Like the last Government, this Government are subsidising Drax, to the tune of billions of pounds. For why? To transport millions of trees, felled and shipped across the Atlantic at God knows what carbon cost, to burn in the interest of some sort of future carbon-free fuel—which, of course, it is not. Why are we allowing this, and why are we paying for it?
Those who oppose the Bill—which, as I have already mentioned, is flawed and will need to be amended—have described it as ideological rhetoric, an assault on our individual freedom, and a direct threat to our way of life that will lead to food rationing. One constituent wrote to me to say that only 50% of our food is produced naturally. Why should we be dependent on importing the other 50%? The answer to that, I am afraid, now lies with the Government’s house building policies. If the planners have their way, acres of farmland in Thanet that are now producing, this year, grade 1 agricultural wheat from which bread is made will, in a couple of years’ time, be growing houses, not food. The National Farmers Union has said, “Please do not undermine UK agriculture by importing agricultural products produced to environmental standards that are different from ours here.”

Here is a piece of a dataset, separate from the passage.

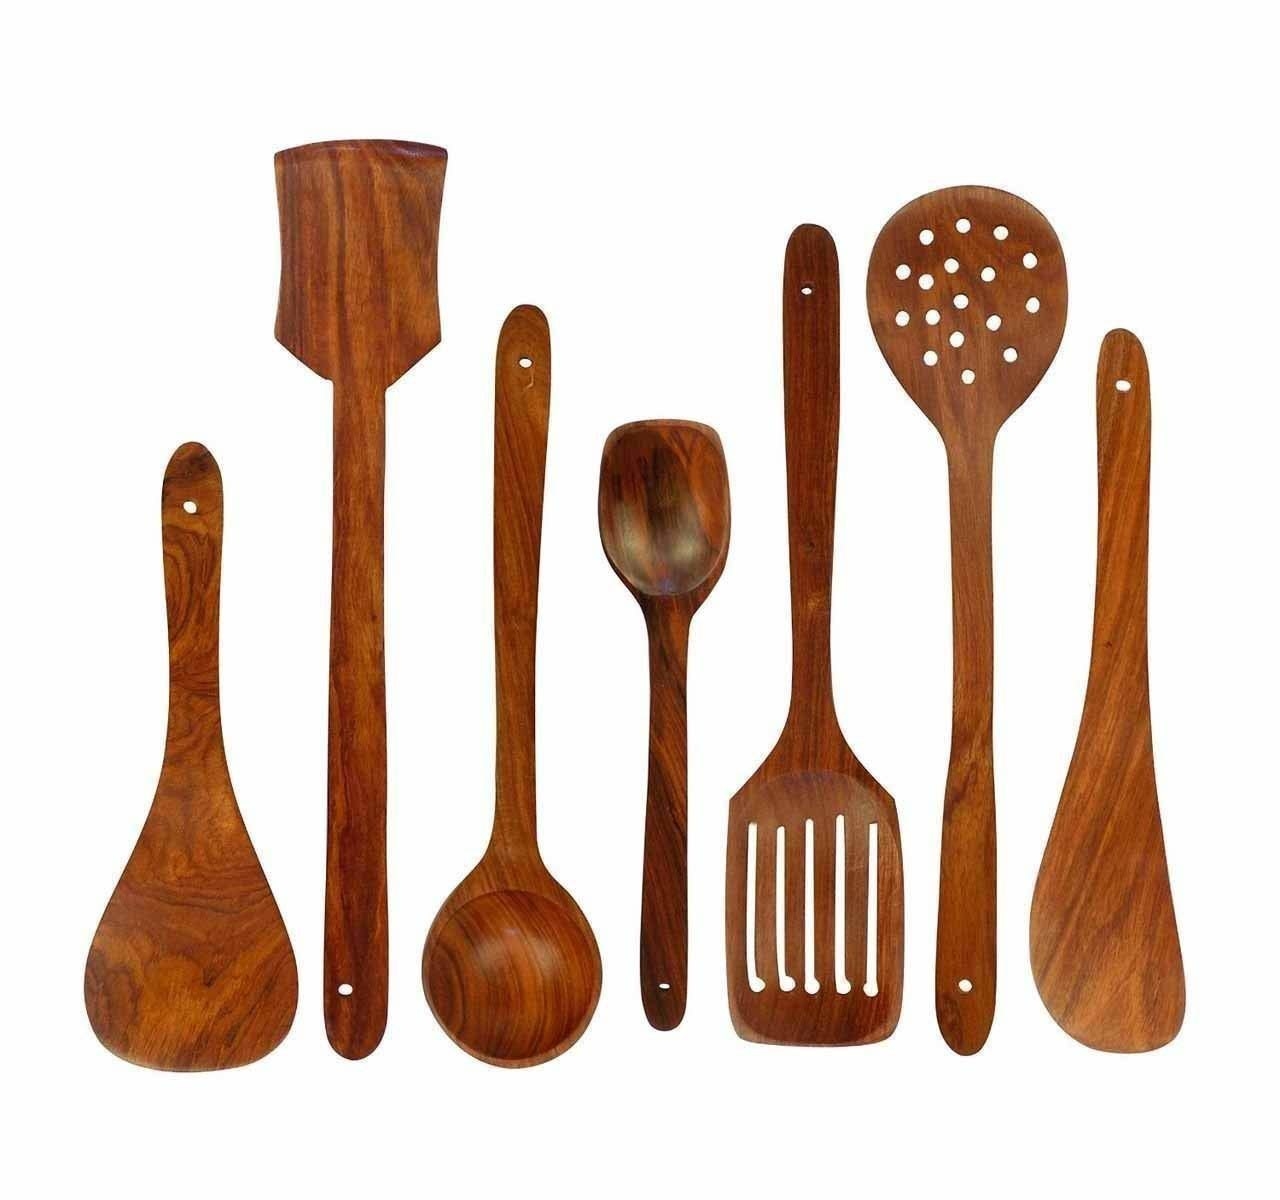 A set of different wooden utensils

A couple of weeks ago, I was visiting a friend in Thanet who allowed me to hold a facsimile of part of the skull of a Tyrannosaurus rex. The teeth were about nine inches to a foot long. Those beasts that ruled the Earth have been extinct for millions of years. We are supremely arrogant if we believe that “Drill, baby, drill” is the answer; if we believe that we have a right—someone who wrote to me described it as a God-given right—to carbon fuels.
A couple of weeks ago there was an exhibition in the House organised by Helping Rhinos, which seeks to defend the black rhino, and someone who attended made the case that the black rhino could outlive the human race. We are about to become—if we do not listen today—the authors of our own demise, and that is why I believe that the Bill deserves, at the very least, a Second Reading.